Friday, February 17, 2012

World Economic Forum: “shift in mentality”

From Davos to Dystopia
January 2012 - Not long ago the World Economic Forum (WEF) found itself in the sights of the global economic justice movement. At the turn of the last century, before anyone was “occupying” public spaces in protest at the growing inequalities between the top strata of society and the rest, a broad global coalition of environment, development, and peace activists were targeting the public meetings of major institutions such as the WTO, the IMF, and the G8. In September 2000, activists shut down the opening of the WEF’s Asia-Pacific Summit in Melbourne, Australia in protest against an unrepresentative and unaccountable elite gathering to set the economic agenda for the year in a region marked by enormously uneven income distribution.
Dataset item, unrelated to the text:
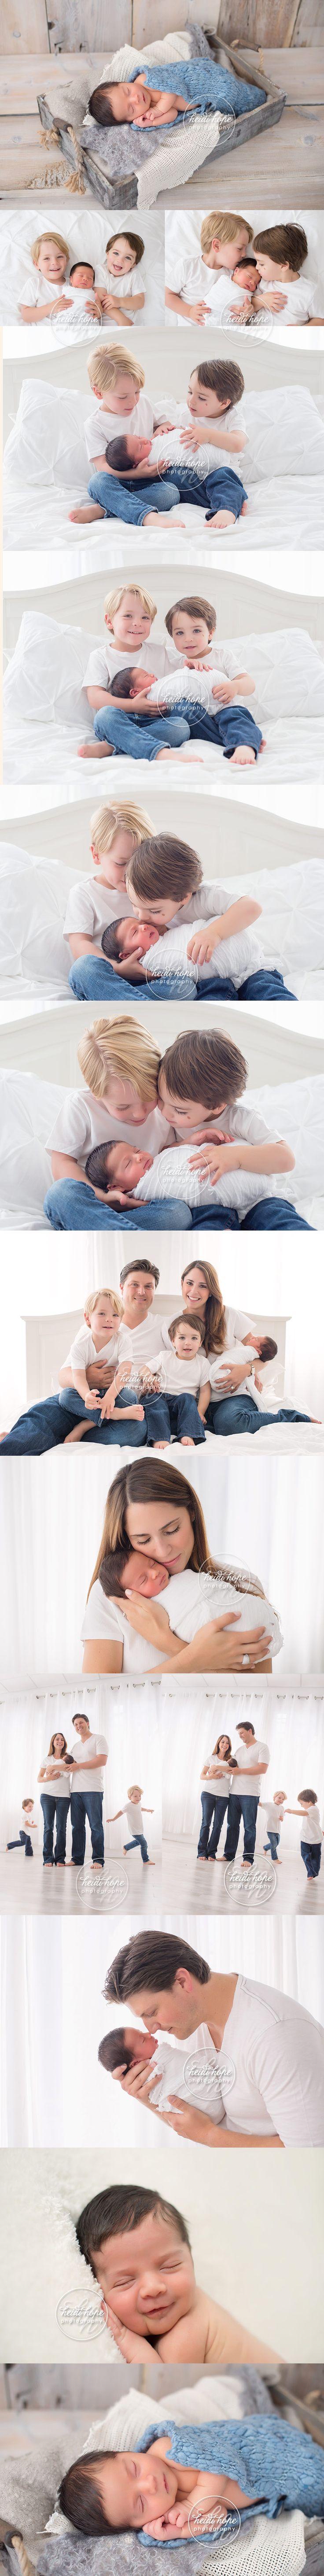 newborn-baby-boy-with-2-older-brothers
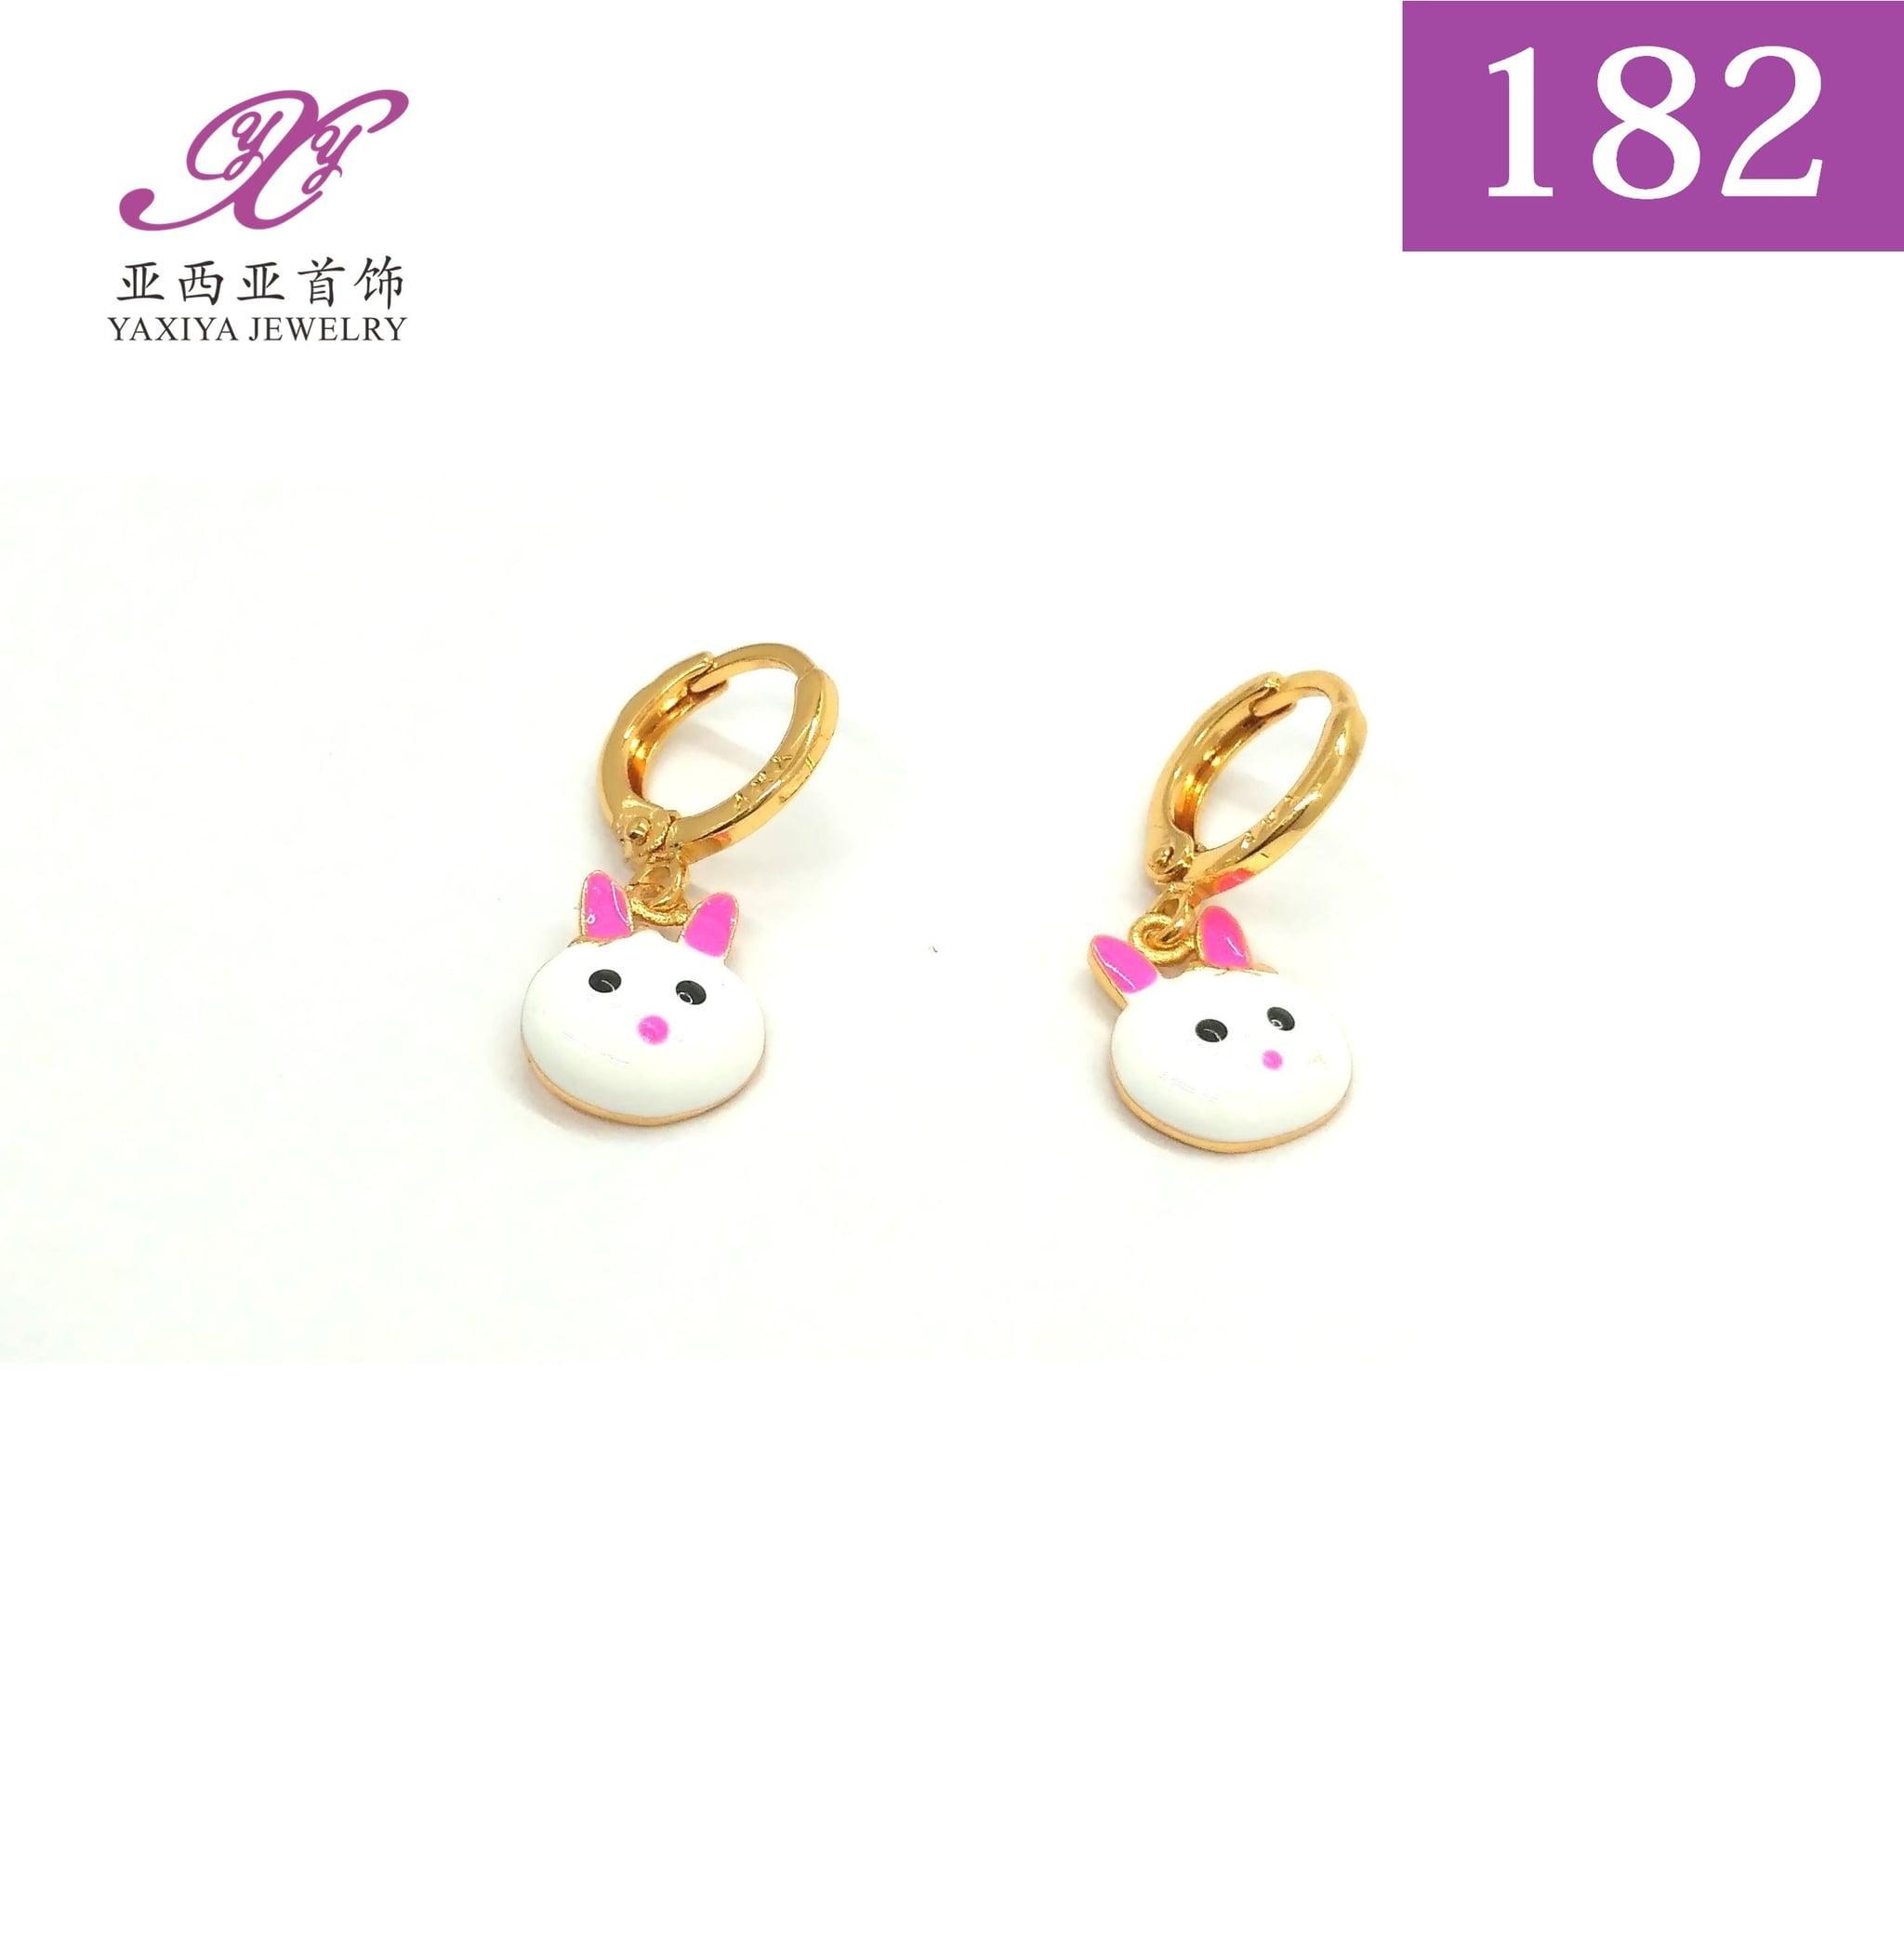 Anting Anak Lapis emas Perhiasan imitasi Gold 18k Yaxiya Jewelry 182

A mere 12 years later, in an intriguing reversal, the WEF has released a new report calling for a “shift in mentality” to address a looming crisis typified by rebellion, protest, and political violence, sparked by inequality and marginalisation across the world. The seventh edition of the organization’s Global Risks report highlights the increasing importance of marginalization as a security issue over the coming decades. It describes the “seeds of dystopia” threatening both social and political stability across the world.

“As the world grows increasingly complex and interdependent, the capacity to manage the systems that underpin our prosperity and safety is diminishing,” the report declares. This conclusion presents perhaps the most radical call to arms from what would normally be considered a key player of the global political “establishment”.

After decades of entrenched poverty, massive debt and struggling against an unfair global trading system, those who languish on the margins of the global community are in revolt. Yet our existing frameworks and reference points for building a response to this sort of global insecurity provide little assistance. To put it simply, Washington, Brussels, even Beijing and New Delhi have been caught off guard. The time for some radical thinking is upon us. That such calls are now coming from one of the engine rooms of neoliberal economics is a sign that we may be reaching a tipping point.